Even more recently, Haissaguerre et al. used electrograms generated by body surface mapping and biatrial geometry relative from a computed tomography (CT) scan to reconstruct the propagation pattern of fibrillating atria in a noninvasive way.26 Signal-analysis processing combining filtering, wavelet transform, and phase mapping was used to identify drivers (focal or reentrant activity) in 103 patients with persistent AF.27 Contrary to Narayan et al.,23,24 the authors reported more driver locations, substantial meandering, and periodic occurrence of unstable reentries requiring statistical density maps to identify them.27 Also here, RF ablation at the driver location resulted in acute AF termination in 75% of persistent AF and 15% of long-lasting AF patients.27 In this strategy, ipsilateral PV isolation was only performed if drivers were found in the PVs or if the endpoint was not reached.

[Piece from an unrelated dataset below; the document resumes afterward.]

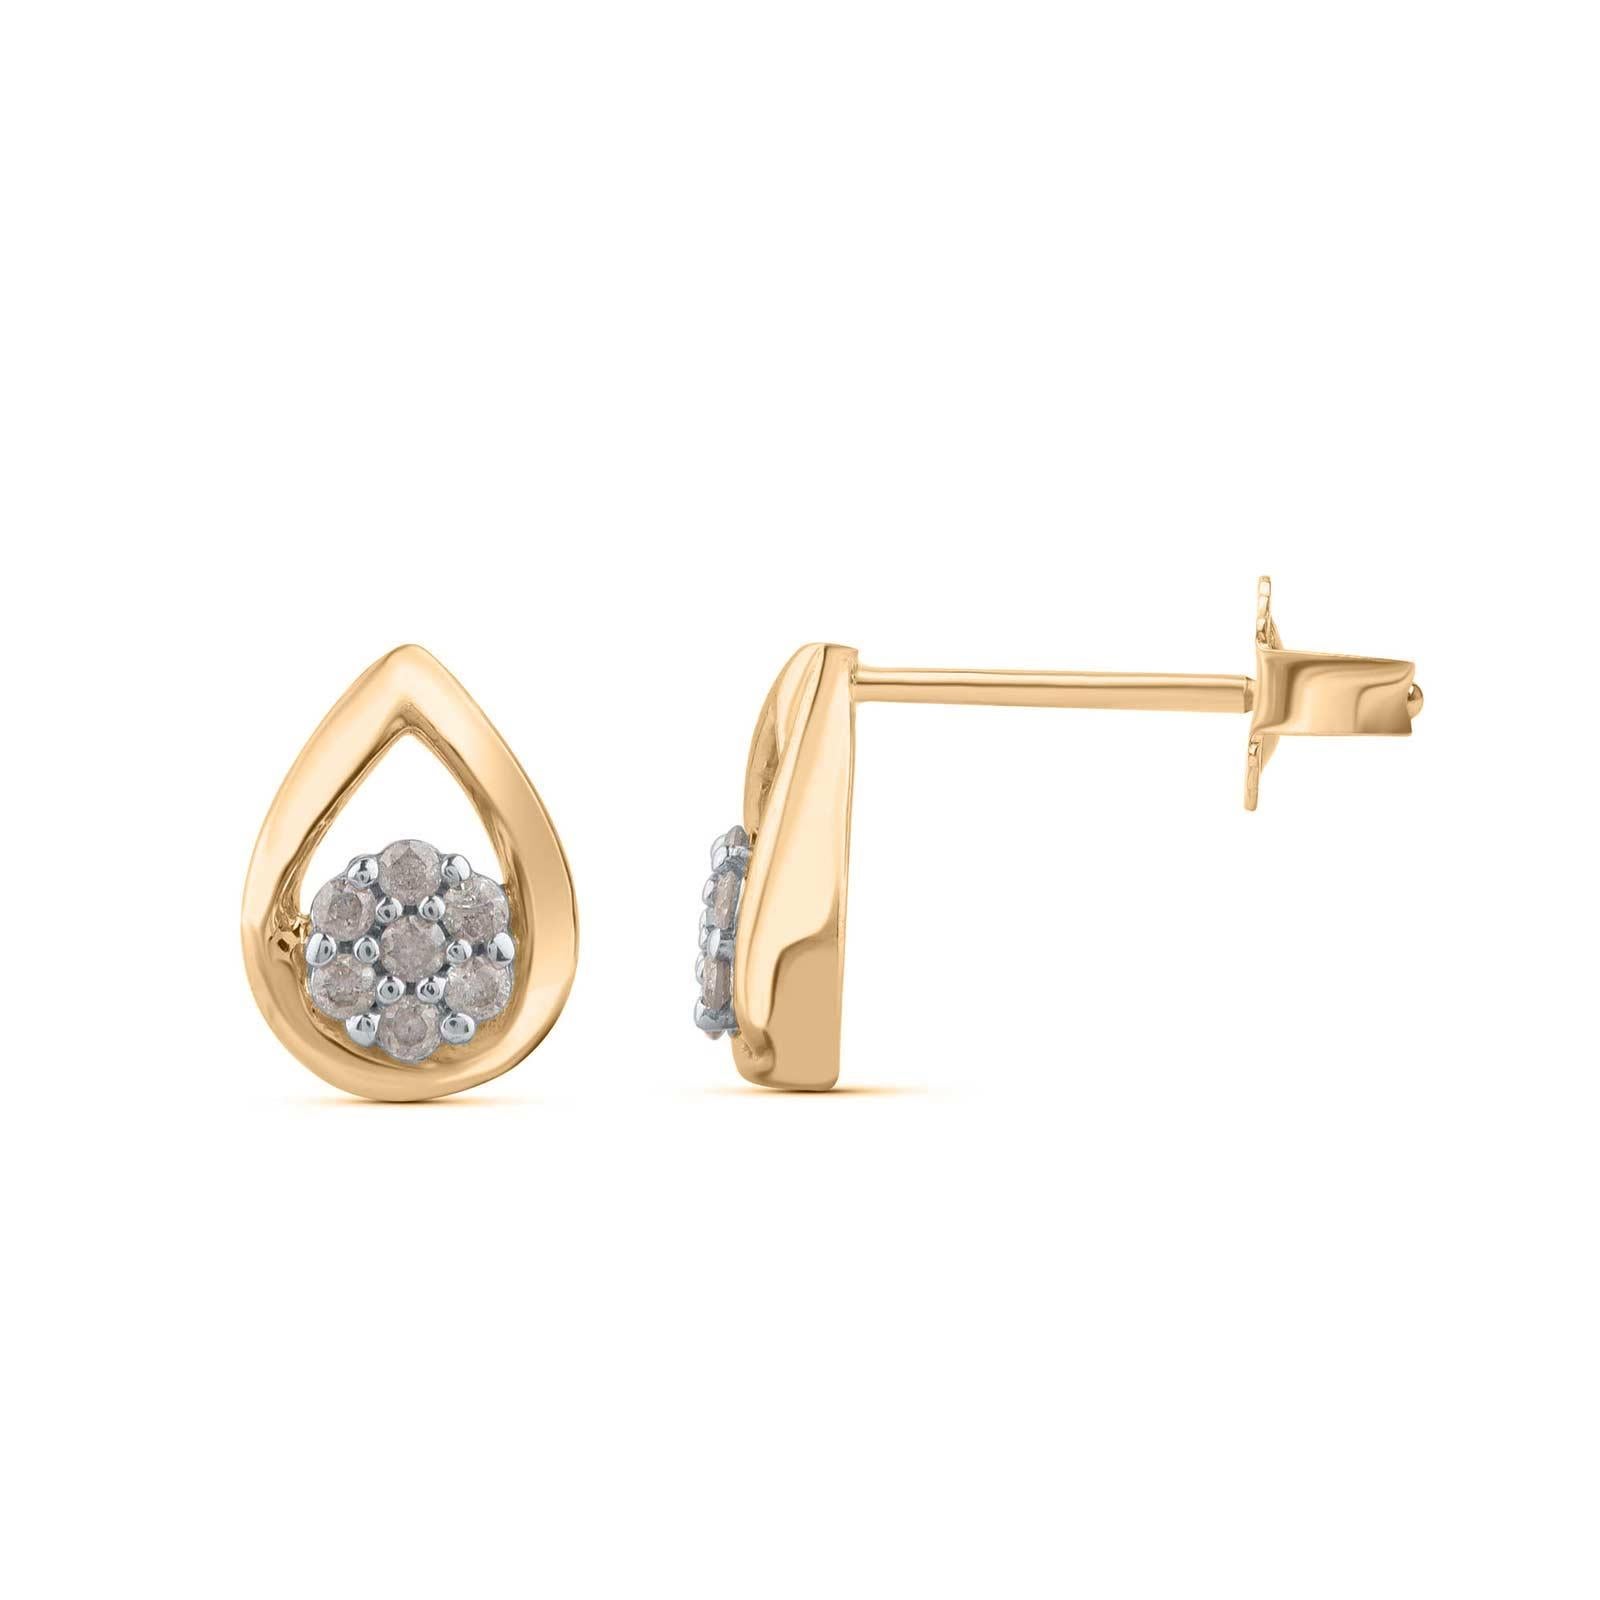 A glammed up look, perfect for a night on the town, these teardrop stud earrings are certain to delight. Expertly crafted in 14K yellow Gold, earring is cleverly filled with 14 brilliant cut diamond set in prong setting and shimmers in H-I color I2

As discussed before, surgical ablation of AF started with the Cox-Maze III operation, a surgical procedure through median sternotomy on cardio-pulmonary bypass (CPB) in which compartmentalization was created by cutting and sewing in order to interrupt and eliminate macro re-entrant circuits.5 Later, the Cox-Maze III procedure was changed to the Cox-Maze IV procedure: based on the findings of Haïssaguerre7 the pulmonary veins were isolated bilaterally, most incision sets were replaced by bipolar RF ablation and cryosurgery was applied at the valve annuli.4,28 The Cox-Maze IV can be performed either through a median sternotomy or through a right mini-thoracotomy.28 Although the right atrial ablations can be performed on the beating heart, CPB is still required for the left atrial lesion set.28 Several changes to the Cox-Maze procedure have been developed, mainly based on the application of other (and now obsolete) energy sources like microwave, laser, and high-frequency ultrasound.4 Nitta et al. developed the radial incision procedure, an alternative approach to preserve a more physiologic atrial transport function.29 This procedure consisted of atrial incisions radiating from the sinus node to allow a more physiologic atrial activation sequence and to preserve blood supply to most atrial segments.30

The last decades, new technologies enabled the creation of transmural lesions using minimal invasive surgery (MIS) for treatment of stand-alone AF.31 Most widely used are the RF bipolar clamp devices that allow PV isolation by applying RF energy between the two jaws of the clamp. In addition, creation of a ‘box’-lesion and left atrial appendage (LAA) removal or exclusion, usually with ganglionic plexi ablation, is performed via video-assisted MIS.31-34 The advantage of these MIS approaches, next to the fact that they are truly minimal invasive, is that they can be performed on the beating heart (off-pump).31-34 The difference, however, between these techniques and the Cox-Maze III lesion set is that the epicardial off-pump techniques lack the possibility of a mitral isthmus line as this lesion cannot be created solely from the epicardium.35,36 Therefore, Edgerton et al. developed the ‘Dallas lesion set’, an epicardial minimal invasive approach in which the mitral isthmus line is replaced by a connecting lesion -using unipolar RF energy- from the left fibrous trigone at the anterior mitral valve annulus across the anterior dome of the atrium to the ‘roof’ line.35

Although much more efficient as unipolar, even bipolar RF energy cannot guarantee transmural lesions.37 To overcome this shortcoming and to tackle the problem of the mitral isthmus line, a combination of a transvenous endocardial and thoracoscopic epicardial approach in a single procedure, the so-called ‘hybrid AF ablation’, has been successfully put forward as an alternative.38 Almost all of the surgical ablation procedures for the treatment of concomitant and stand-alone AF include PV isolation using RF or cryo-energy.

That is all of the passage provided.